▸ AIM OF THE EXERCISE
Please print the line that holds "#GuinnessWorldRecord" and each line after it to the end of the data, word for word, without any pictures.

-------- SOURCE DATA --------

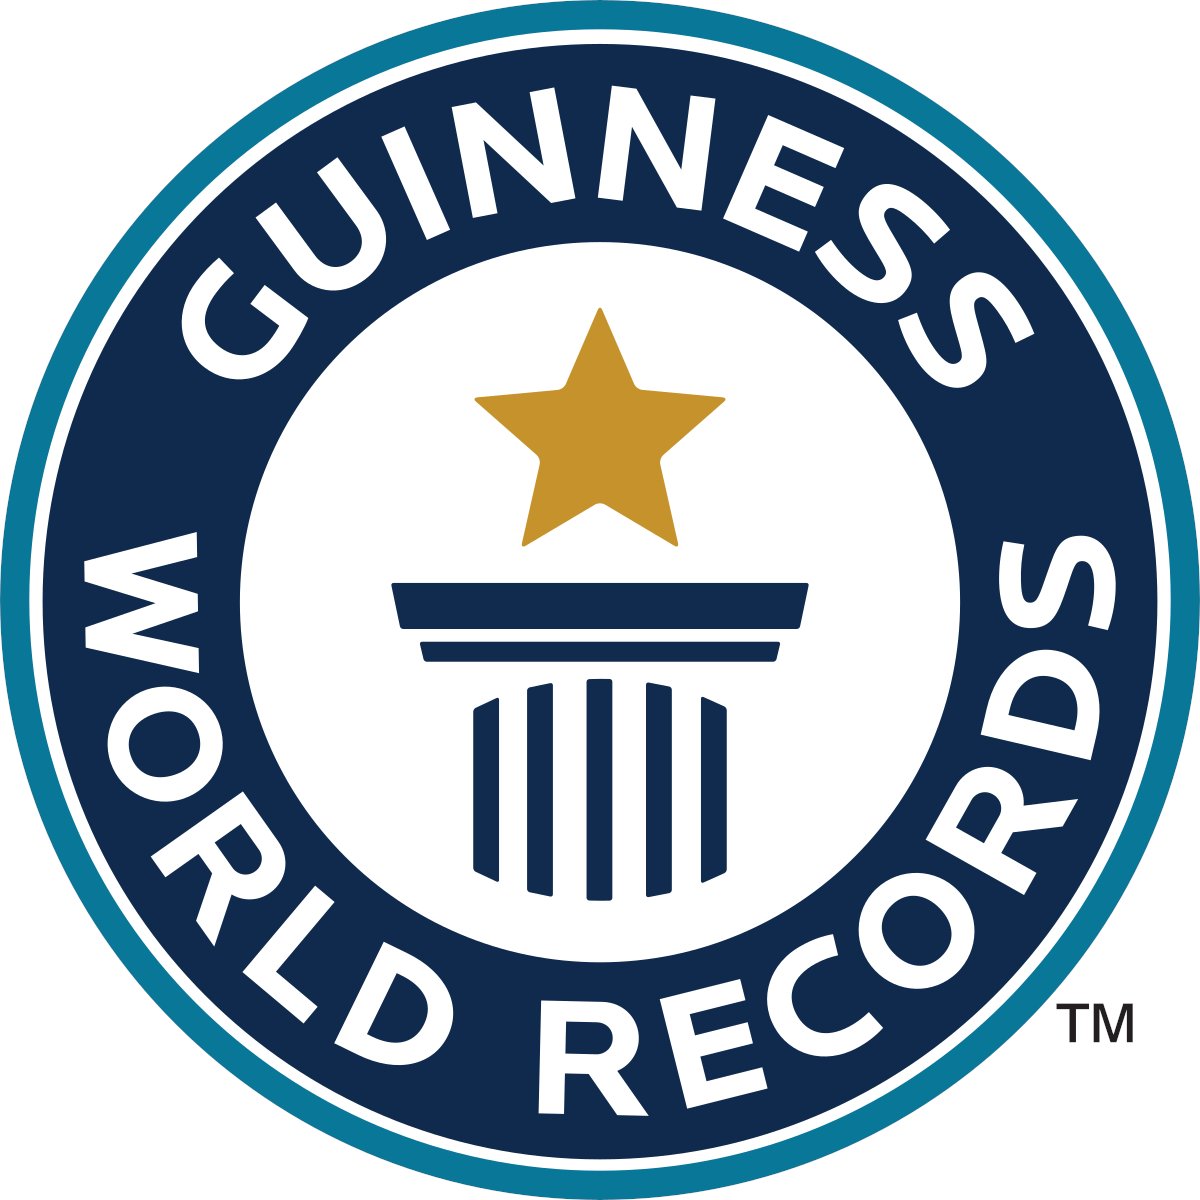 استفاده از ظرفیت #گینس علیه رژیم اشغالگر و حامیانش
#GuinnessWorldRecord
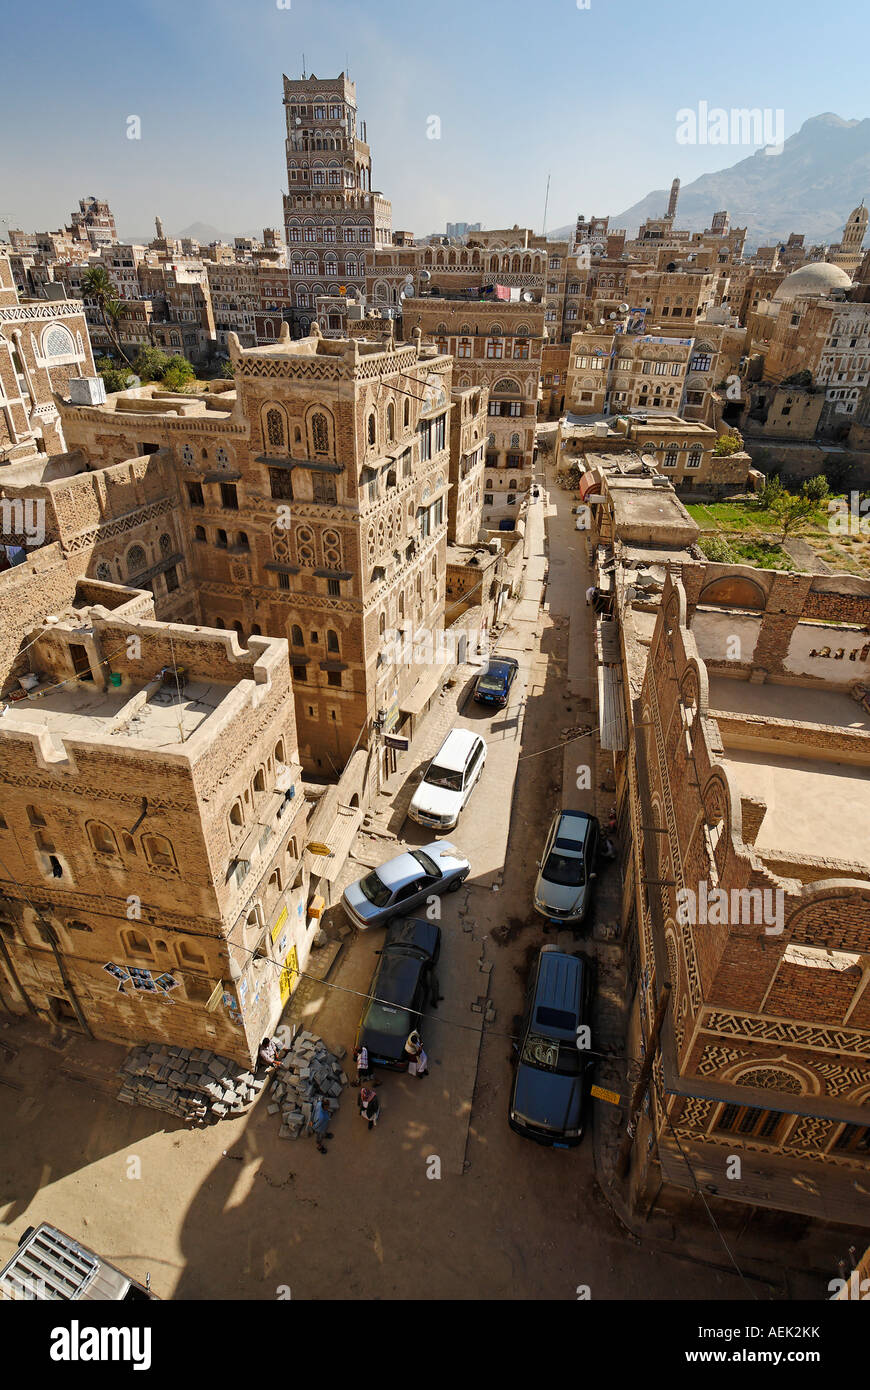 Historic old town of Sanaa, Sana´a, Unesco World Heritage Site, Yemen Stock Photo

--------

▸ RESPONSE TO THIS TASK
#GuinnessWorldRecord
 Historic old town of Sanaa, Sana´a, Unesco World Heritage Site, Yemen Stock Photo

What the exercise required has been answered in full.